The finest feature of the palace must have been the staircase, designed by Villalpando and Herrera, which has been to some extent restored after its destruction by Stahremberg in 1710. One of the widest staircases in the world, “it ends,” says Miss Hannah Lynch “in the void!” In truth, the Alcazar is not to-day a very interesting building. It is, in reality, quite impossible to identify the scenes of the romantic and historical episodes which we know occurred in one or other of the successive Alcazars. But the room in which Alfonso VI. died and the window at which the hapless Blanche de Bourbon wept, pace the local guides, must have disappeared to the last stone and fragment ages ago. All that can be said of the palace to-day is that it forms an imposing landmark, and affords from its northern terrace one of the finest views of Toledo.

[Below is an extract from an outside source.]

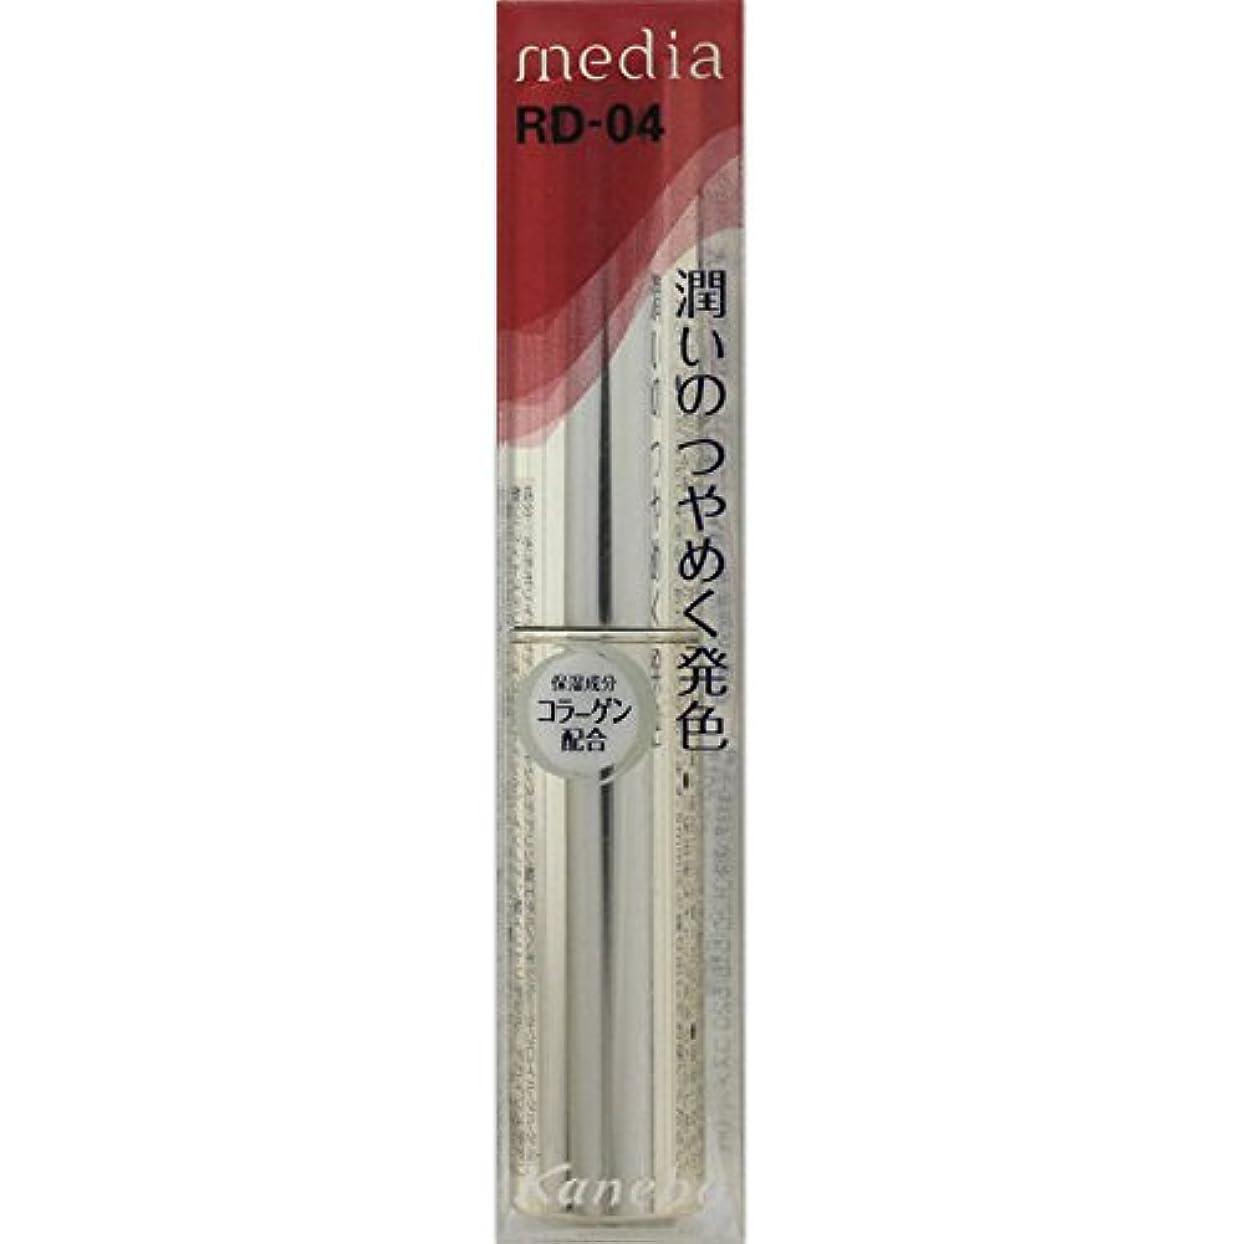 フラフープ雄弁なスイス人カネボウ メディア(media)シャイニーエッセンスリップA カラー:RD-04

To the age of Charles V. (or Carlos I. as in Spain he would properly be called) belongs the Hospital de San Juan Bautista, styled the Hospital de Afuera (outside) in the suburb of Covachuelas. The building was begun in 1541 by order of Archbishop Juan de Tavera, who died on his return from the baptism of Prince Carlos at Valladolid. The building was carried on after Bustamente’s death by the two Vergaras, and completed about 1600. The façade dates from the eighteenth century and is still unfinished. The courtyard, spacious and imposing, is divided into two and enclosed by colonnades. A fine Renaissance portal by Berruguete leads into the large chapel, which is in the form of a cross and surmounted by a dome. The pavement is of black and white marble. Before the altar is the tomb of Archbishop Tavera by Berruguete. This is one of the finest monuments in Spain. It was finished by Berruguete when he was over eighty years old, in 1561, his death taking place the same year in one of the rooms under the great clock. His sons received nearly a million maravedis for the work. “The Cardinal,” says Théophile Gautier, “is stretched out upon his tomb in his pontifical habit. Death has pinched his nose with its strong fingers, and the last contraction of the muscles, in their endeavour to retain the soul about to leave the body for ever, puckers up the corners of the mouth and lengthens the chin; never was there a cast taken after death more horribly true; and yet the beauty of the work is such, that you forget any amount of repulsiveness that the subject may possess. Little children in attitudes of grief support the plinth and the Cardinal’s coat of arms. The most supple and softest clay could not be more easy or more pliant; it is not carved, it is kneaded!”

The hospital contains some of El Greco’s most notable work, which will be noticed in the chapter on that master.